制度名(一例) | 加入対象 | 共済契約対象 |
---|---|---|
中小企業退職金共済(中退共) | 従業員 | 一般の中小企業 (但し、従業員数や資本金による) |
小規模企業共済 | 役員層のみ | 従業員数が5人以下または20人以下の小規模企業 |
社会福祉施設職員等退職手当共済 | 従業員 | 社会福祉法人 |
特定退職金共済 | 従業員 | 商工会や一般社団法人 |
特定業種退職金共済 | 従業員 | 建設業、酒造業、林業 |
中小企業退職金共済(中退共)
「中小企業退職金共済(中退共)」とは、その名前のとおり、中小企業向けの共済型退職金制度です。

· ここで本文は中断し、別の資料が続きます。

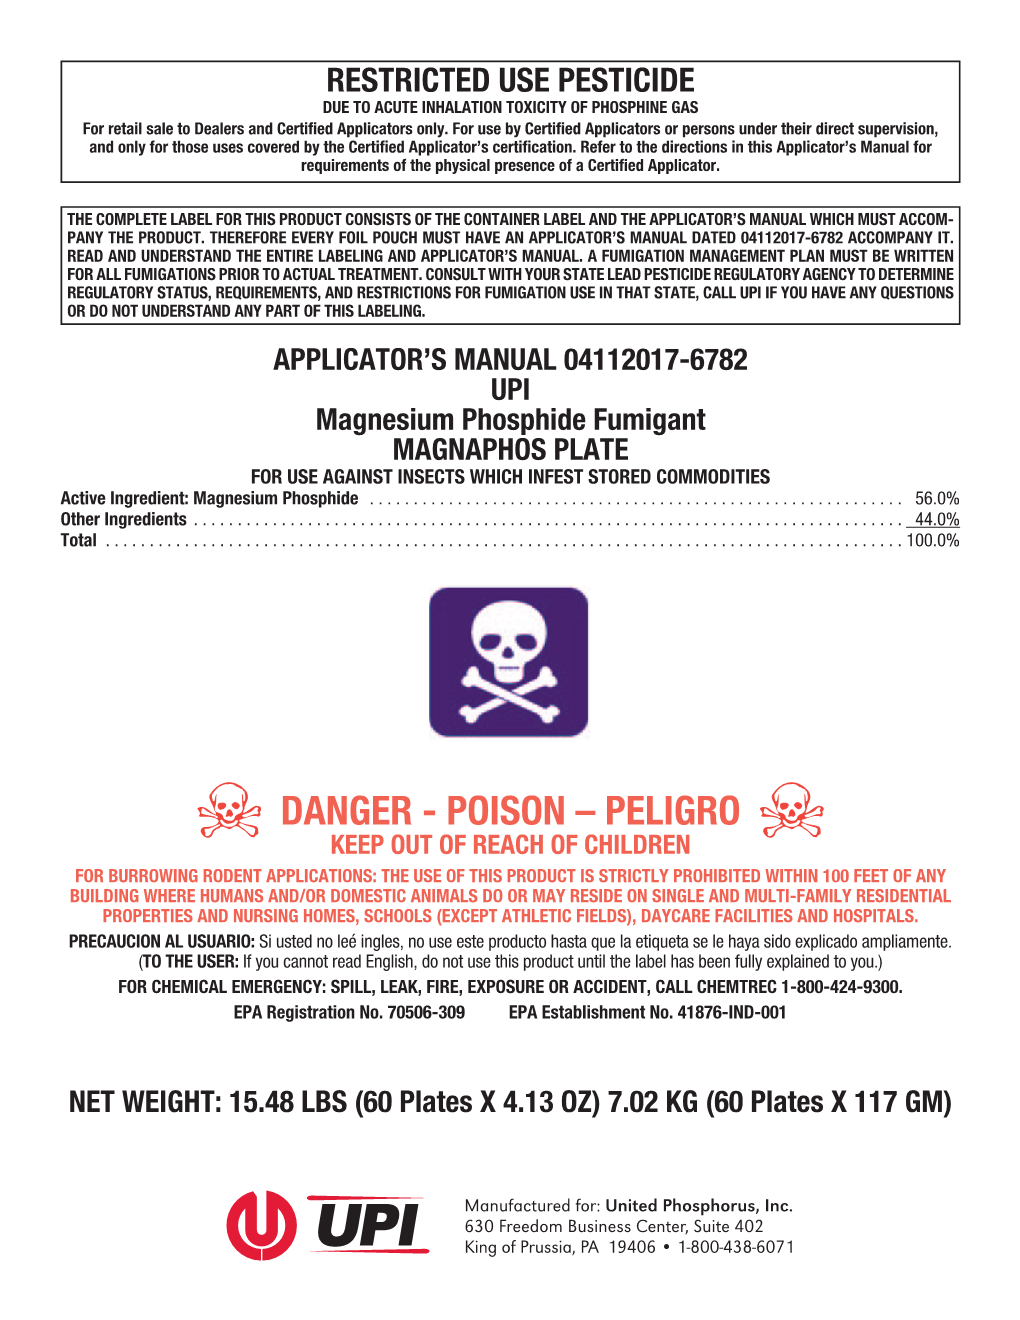 Poison – Peligro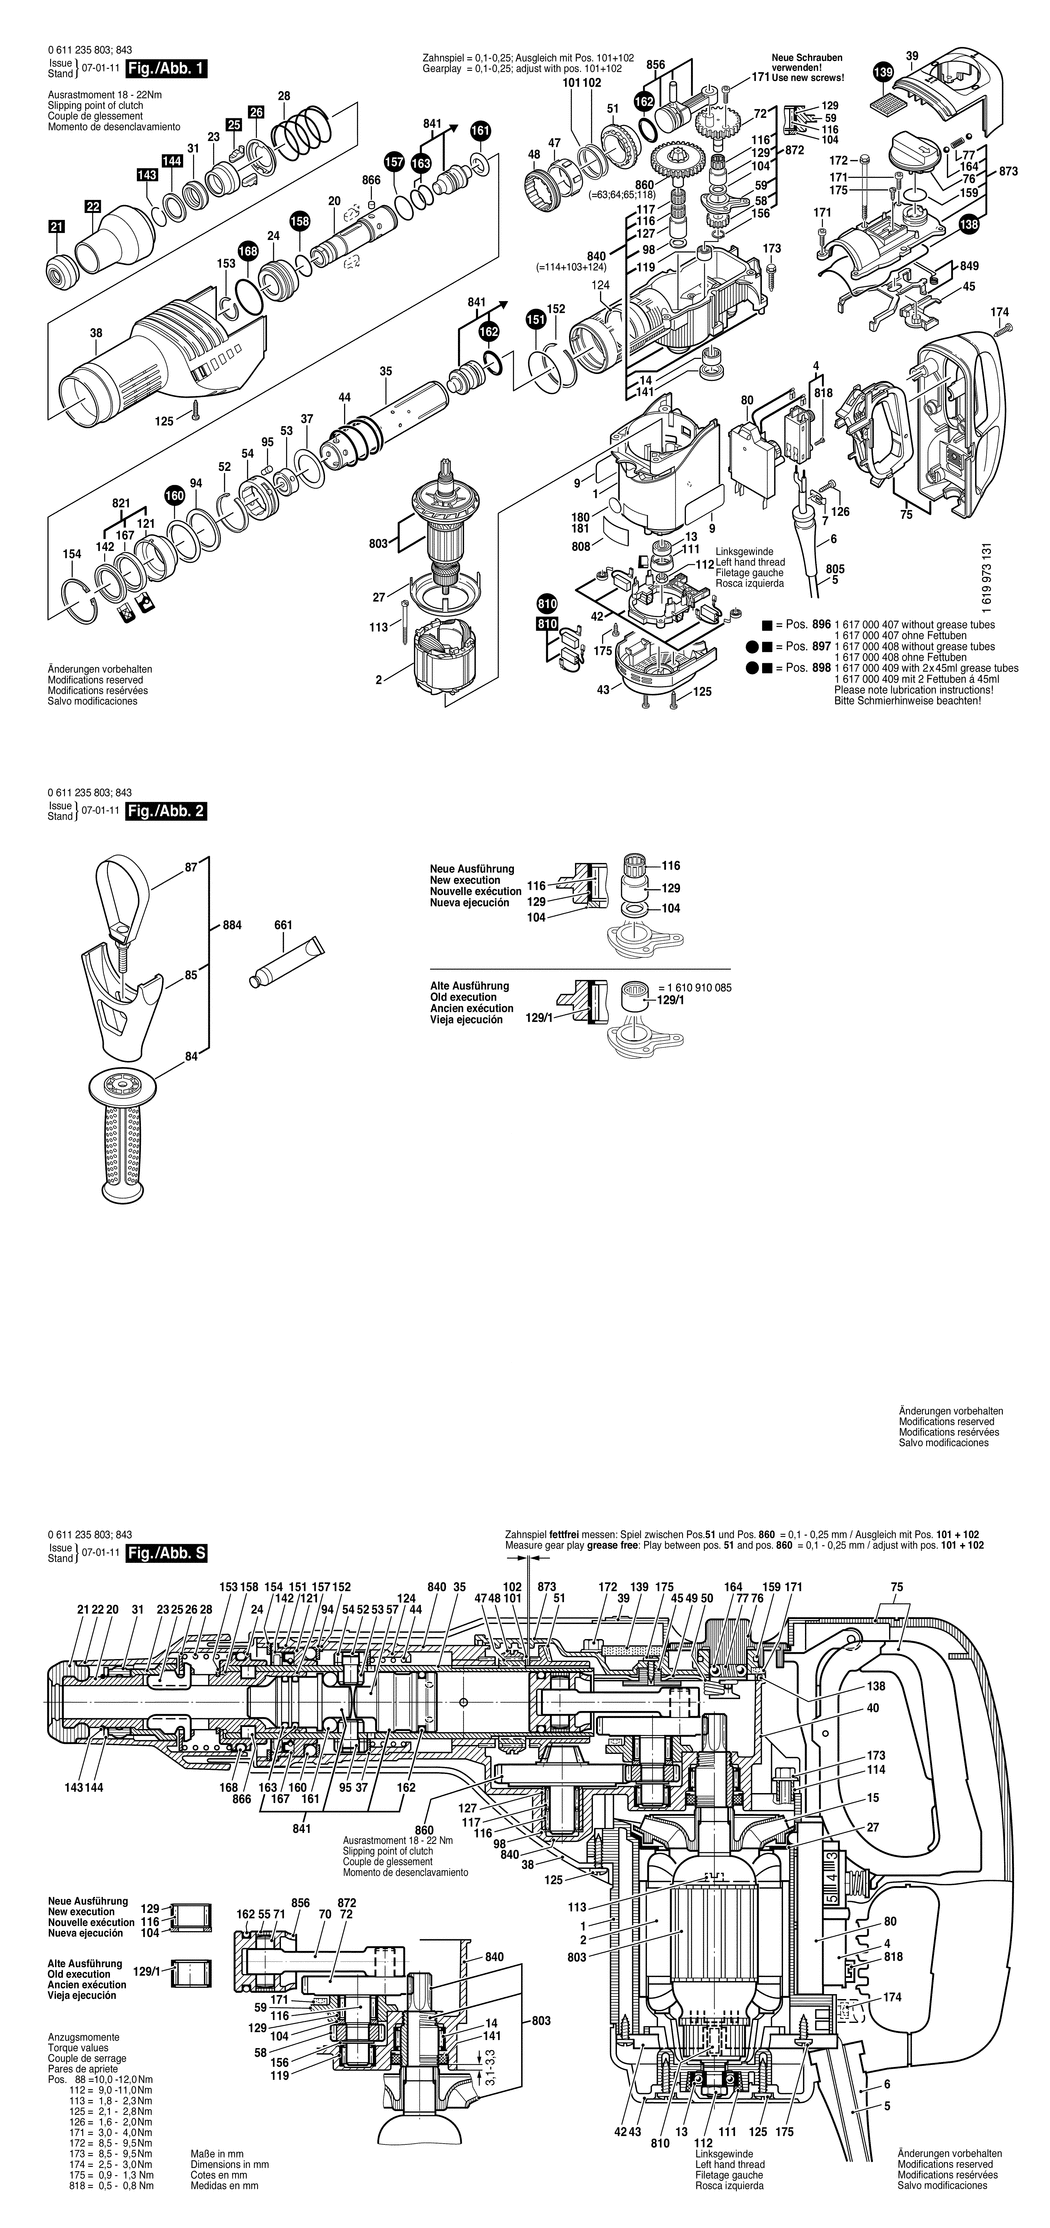 Bosch GBH 7-45 DE / 0611235841 / GB 110 Volt Spare Parts

掛金は事業主が全額負担しますが、損金計上できるほか、掛金の一部について国から助成も得られます。
ただし、原則として従業員全員の加入が必須であり、経営者や役員は加入できません。
一度決めた掛金の減額が極めて難しいことや、死亡退職金の準備には不向きといったデメリットもあります。
詳細は下記の関連記事を参照ください。
小規模企業共済
「小規模企業共済」とは、中小企業退職金共済(中退共)よりもさらに小規模企業向けに用意された共済型の退職金制度です。
自営業者や個人事業主(フリーランス)の方が、自身や役員のために退職金を積み立てることができます。
加入対象者は会社ではなく個人となり、掛金は所得控除可能です。
詳細は下記の関連記事を参照ください。
社会福祉施設職員等退職手当共済(WAM)
「社会福祉施設職員等退職手当共済(WAM)」とは、社会福祉法人が導入できる共済型の退職金制度です。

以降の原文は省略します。